→ **EXERCISE DESCRIPTION**
Retype all of the data exactly as given.
___ DATASET
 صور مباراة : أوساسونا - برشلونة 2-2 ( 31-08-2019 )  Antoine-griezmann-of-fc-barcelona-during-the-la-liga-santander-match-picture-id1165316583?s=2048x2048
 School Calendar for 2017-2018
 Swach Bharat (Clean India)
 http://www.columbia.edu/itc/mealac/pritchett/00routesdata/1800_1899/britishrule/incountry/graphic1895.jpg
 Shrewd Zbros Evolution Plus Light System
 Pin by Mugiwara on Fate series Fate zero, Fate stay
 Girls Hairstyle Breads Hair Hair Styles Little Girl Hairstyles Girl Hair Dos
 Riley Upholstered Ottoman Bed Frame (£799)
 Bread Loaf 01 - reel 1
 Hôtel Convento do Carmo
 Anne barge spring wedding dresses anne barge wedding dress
______
→ **EXERCISE SOLUTION**
 صور مباراة : أوساسونا - برشلونة 2-2 ( 31-08-2019 )  Antoine-griezmann-of-fc-barcelona-during-the-la-liga-santander-match-picture-id1165316583?s=2048x2048
 School Calendar for 2017-2018
 Swach Bharat (Clean India)
 http://www.columbia.edu/itc/mealac/pritchett/00routesdata/1800_1899/britishrule/incountry/graphic1895.jpg
 Shrewd Zbros Evolution Plus Light System
 Pin by Mugiwara on Fate series Fate zero, Fate stay
 Girls Hairstyle Breads Hair Hair Styles Little Girl Hairstyles Girl Hair Dos
 Riley Upholstered Ottoman Bed Frame (£799)
 Bread Loaf 01 - reel 1
 Hôtel Convento do Carmo
 Anne barge spring wedding dresses anne barge wedding dress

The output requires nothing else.